The society was founded in 1820 as the Astronomical Society of London to support astronomical research. At that time, most members were 'gentleman astronomers' rather than professionals. It became the Royal Astronomical Society in 1831 on receiving a Royal Charter from William IV. A Supplemental Charter in 1915 opened up the fellowship to women.

Publications

One of the major activities of the RAS is publishing refereed journals.  It publishes two primary research journals,  the Monthly Notices of the Royal Astronomical Society in astronomy and (in association with the Deutsche Geophysikalische Gesellschaft) the Geophysical Journal International in geophysics. It also publishes the magazine A&G which includes reviews and other articles of wide scientific interest in a 'glossy' format.  The full list of journals published (both currently and historically) by the RAS, with abbreviations as used for the NASA ADS bibliographic codes is:
 Memoirs of the Royal Astronomical Society (MmRAS): 1822–1977 
 Monthly Notices of the Royal Astronomical Society (MNRAS): 1827-present
 Geophysical Supplement to Monthly Notices (MNRAS): 1922–1957
 Geophysical Journal (GeoJ): 1958–1988
 Geophysical Journal International (GeoJI): 1989-present (volume numbering continues from GeoJ)
 Quarterly Journal of the Royal Astronomical Society (QJRAS): 1960–1996
 Astronomy & Geophysics (A&G): 1997-present (volume numbering continues from QJRAS)
 RAS Techniques & Instruments: 2021-present

Membership

Fellows  
Full members of the RAS are styled Fellows, and may use the post-nominal letters FRAS. Fellowship is open to anyone over the age of 18 who is considered acceptable to the society. As a result of the society's foundation in a time before there were many professional astronomers, no formal qualifications are required. However, around three quarters of fellows are professional astronomers or geophysicists. The society acts as the professional body for astronomers and geophysicists in the UK and fellows may apply for the Science Council's Chartered Scientist status through the society. The fellowship passed 3,000 in 2003.

Friends 
In 2009 an initiative was launched for those with an interest in astronomy and geophysics but without professional qualifications or specialist knowledge in the subject. Such people may join the Friends of the RAS, which offers popular talks, visits and social events.

Meetings 

The Society organises an extensive programme of meetings:

The biggest RAS meeting each year is the National Astronomy Meeting, a major conference of professional astronomers. It is held over 4-5 days each spring or early summer, usually at a university campus in the United Kingdom. Hundreds of astronomers attend each year.
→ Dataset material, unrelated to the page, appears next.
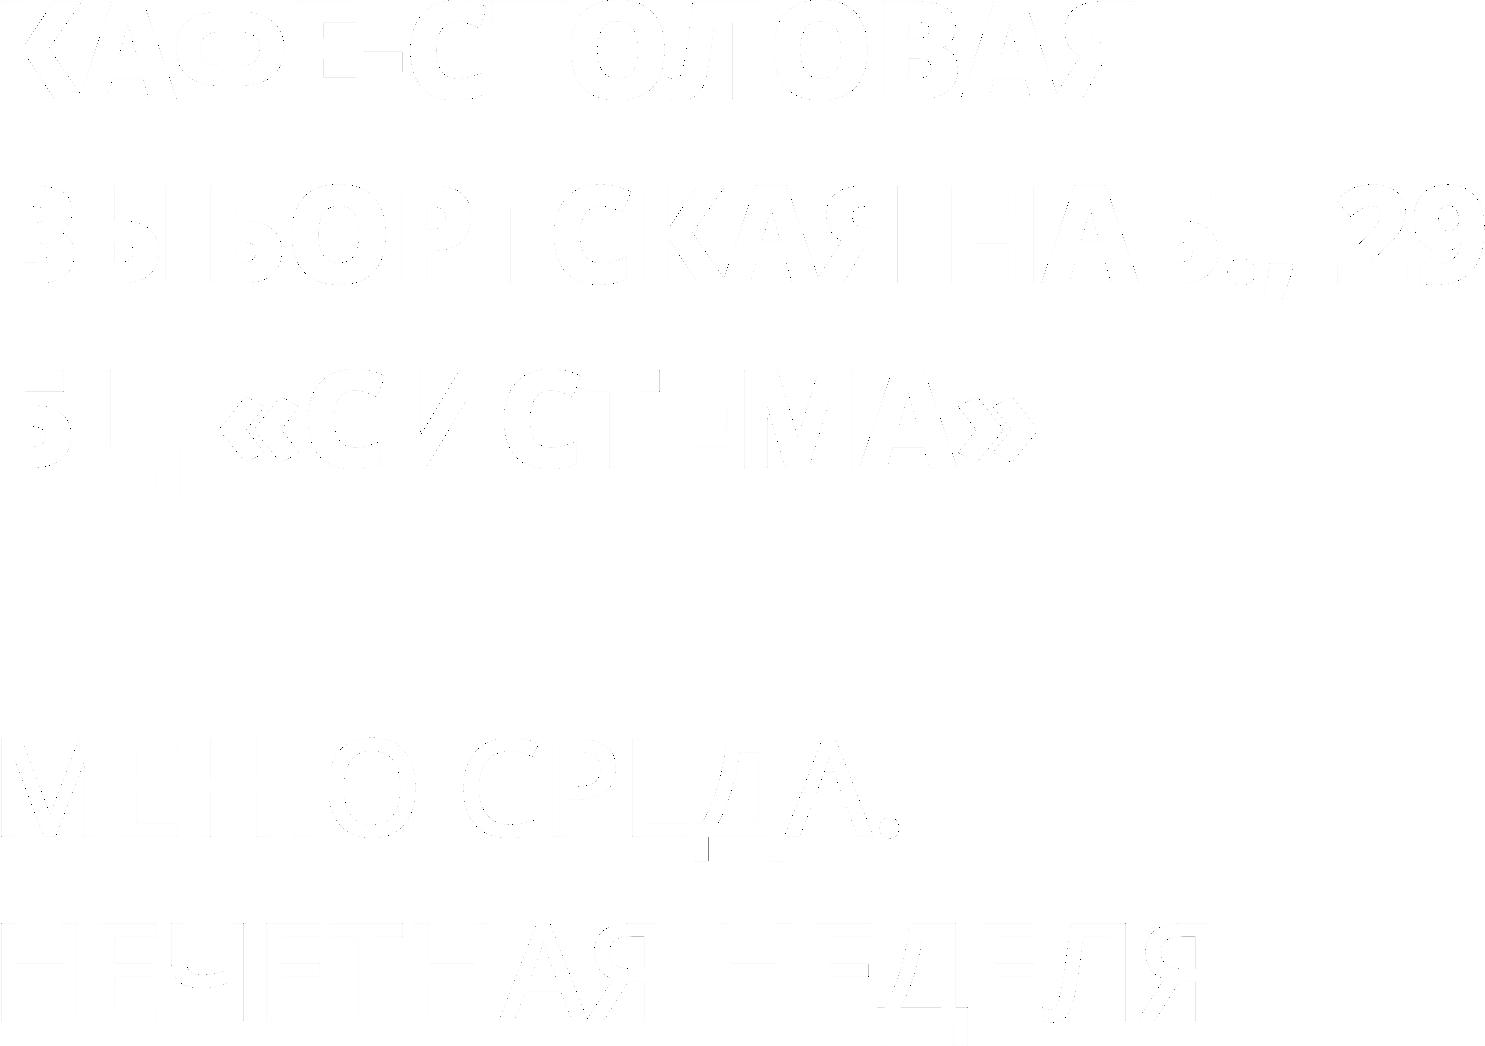 """КАФЕ-СТОЛОВАЯ БЦ """"СИСТЕМА"""" Выборгская наб., 29 МЕНЮ СРЕДА. НЕЧЕТНАЯ НЕДЕЛЯ"""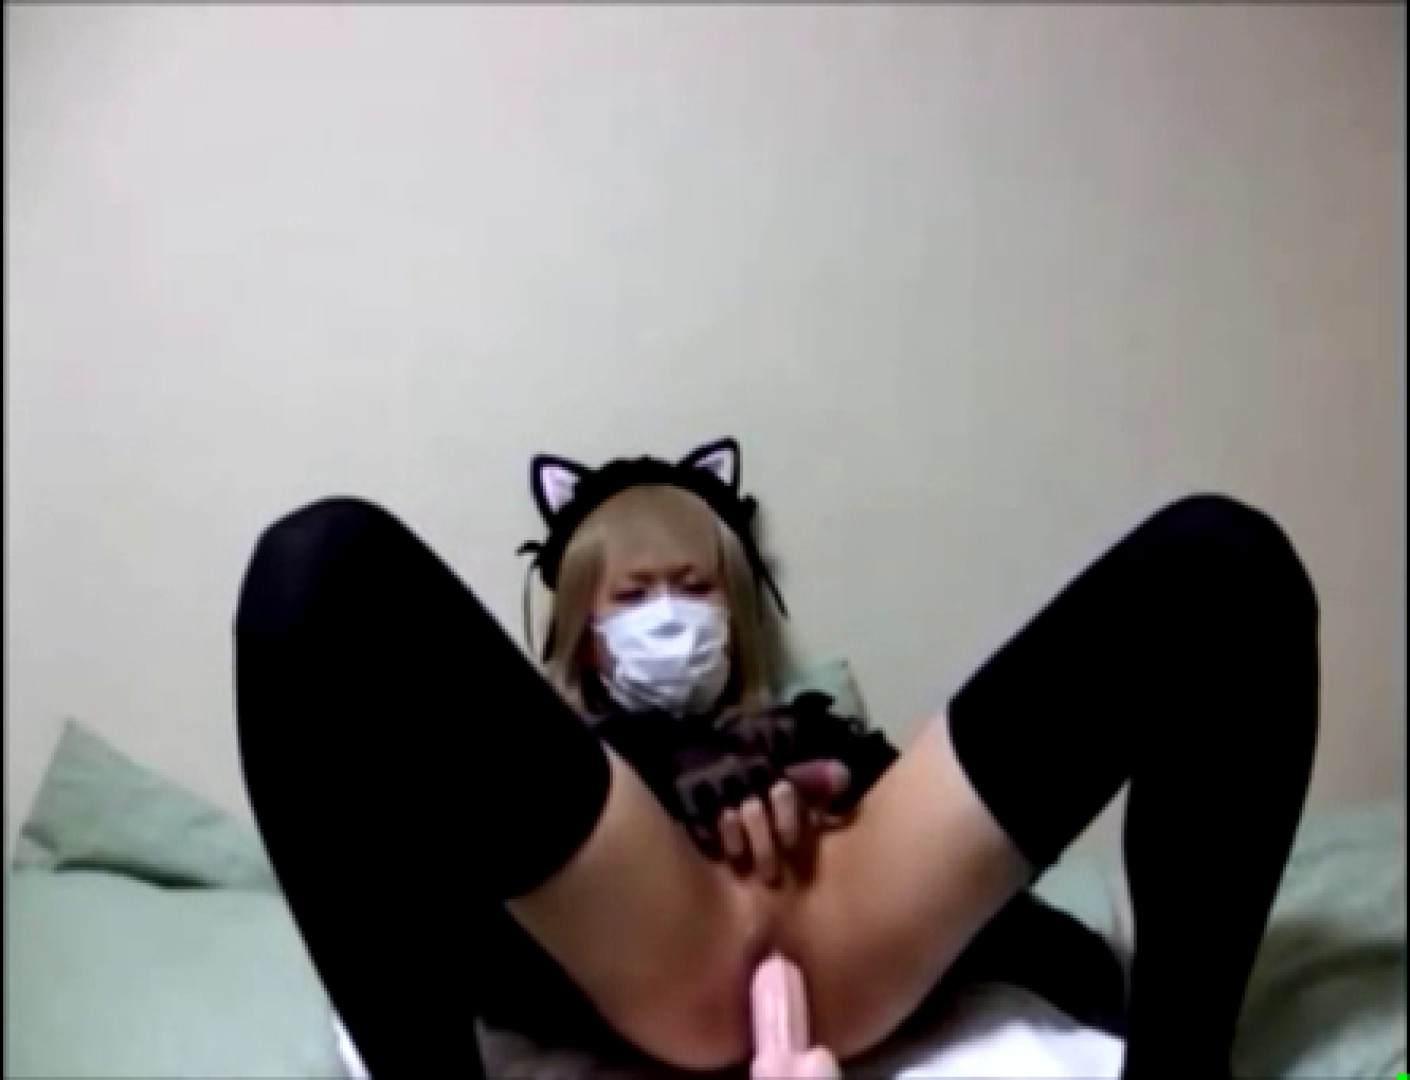 男のKOスプレー!Vol.12 オナニー ゲイヌード画像 105pic 84

More frequent smaller 'ordinary' meetings feature lectures about research topics in astronomy and geophysics, often given by winners of the society's awards. They are normally held in Burlington House in London on the afternoon of the second Friday of each month from October to May. The talks are intended to be accessible to a broad audience of astronomers and geophysicists, and are free for anyone to attend (not just members of the society). Formal reports of the meetings are published in The Observatory magazine.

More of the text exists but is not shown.